A question though, from Ellie: “What are you going to do? I mean, what are you going to do with all the swirling possibility in this town? How are you going to make it work for you?” To which, after a digression on the Sara affair, and a pause so Lawrence can fetch a loaf of bread (the only thing to eat in the apartment), Justin replies with his plan to establish “the cool, inclusive people’s club.”
“So. Imagine that you have all of these people and they’re trying to get stuff done, and they all come together and they know there are other people around them trying to get things done. And, you know, you meet and you … you make it so that people can continue what they’re doing only with the knowledge that there are other people out there also trying to do things. And everyone’s there and they’re sort of a resource and you can talk to people and they’ll help you out. You know?”
Yeah, actually, I do. Justin’s drunken spiel formulates the vague, omnipresent anxiety of a generation marked, in the words of Scott Foundas, “by its very lack of definition.” At the heart of Mutual Appreciation is an urgent need to get onscreen the warp and woof of an unraveled social fabric—and help stitch it up with honesty and love.
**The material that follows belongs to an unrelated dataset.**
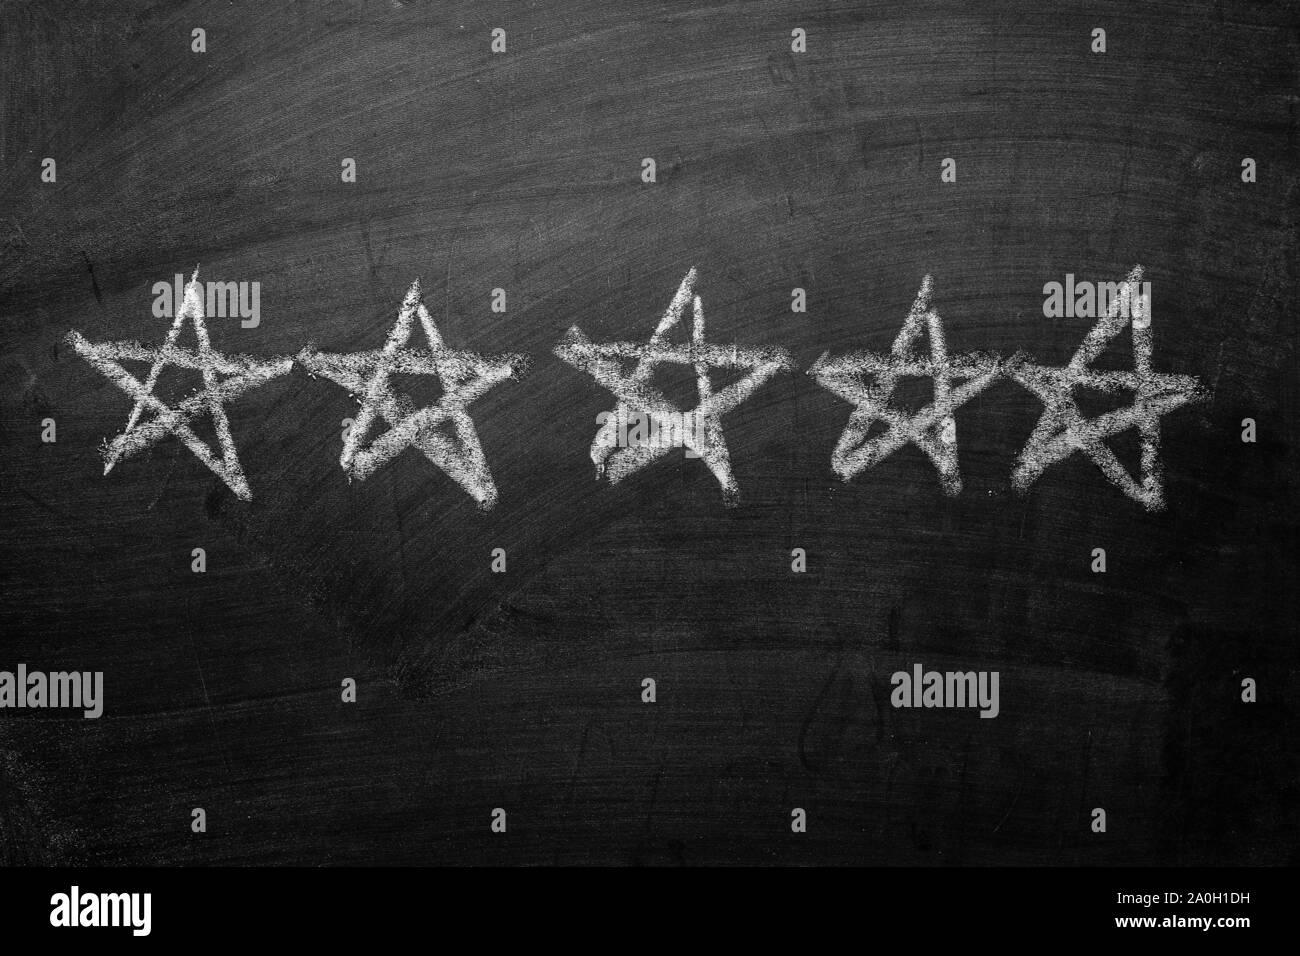 Fünf Sterne hand weißer Kreide auf einer Tafel in einer Reihe konzeptioneller eines fünf Sterne für Excellence gezeichnet Stockfoto

Bujalski is addressing a moment of such deep-rooted cynicism that any expression of sincerity gets parsed as a new form of irony.
Bujalski isn’t a social critic. His films are more symptomatic than diagnostic. Their inestimable value lies in how thrillingly alert they are to what’s good in people, for all their confusion and hurt, and the delicacy with which they trace the connections we make among ourselves, no matter how feeble.
Needless to say, a growing cult of admirers has embraced Bujalski as the voice of his generation—though as Amy Taubin, one of his earliest and most perceptive supporters, has noted, he must be “sick of reading that … when most of that neo-slacker demographic has never had the opportunity to see his films.” The long strange trip of Funny Ha Ha from regional obscurity to cause célèbre to triumphant (if fleeting) theatrical release took three full years and is now an official chapter in AmerIndie lore.
Who knows how long it will take Mutual Appreciation to find its audience? Though it comes at the expense of the lovely cinematography, Bujalski has started offering tapes and DVDs on an appropriately unassuming Web site, www.mutualappreciation.com. That’s how a copy ended up in my Williamsburg mailbox a couple weeks ago. On opening it, I discovered a handwritten note written in pencil on a yellow Post-It. “Mr. Lee, thanks for your support! Hope you’ll enjoy this—Andrew.” No better overture to Mutual Appreciation, as intimate, guileless, and handcrafted a film as they come.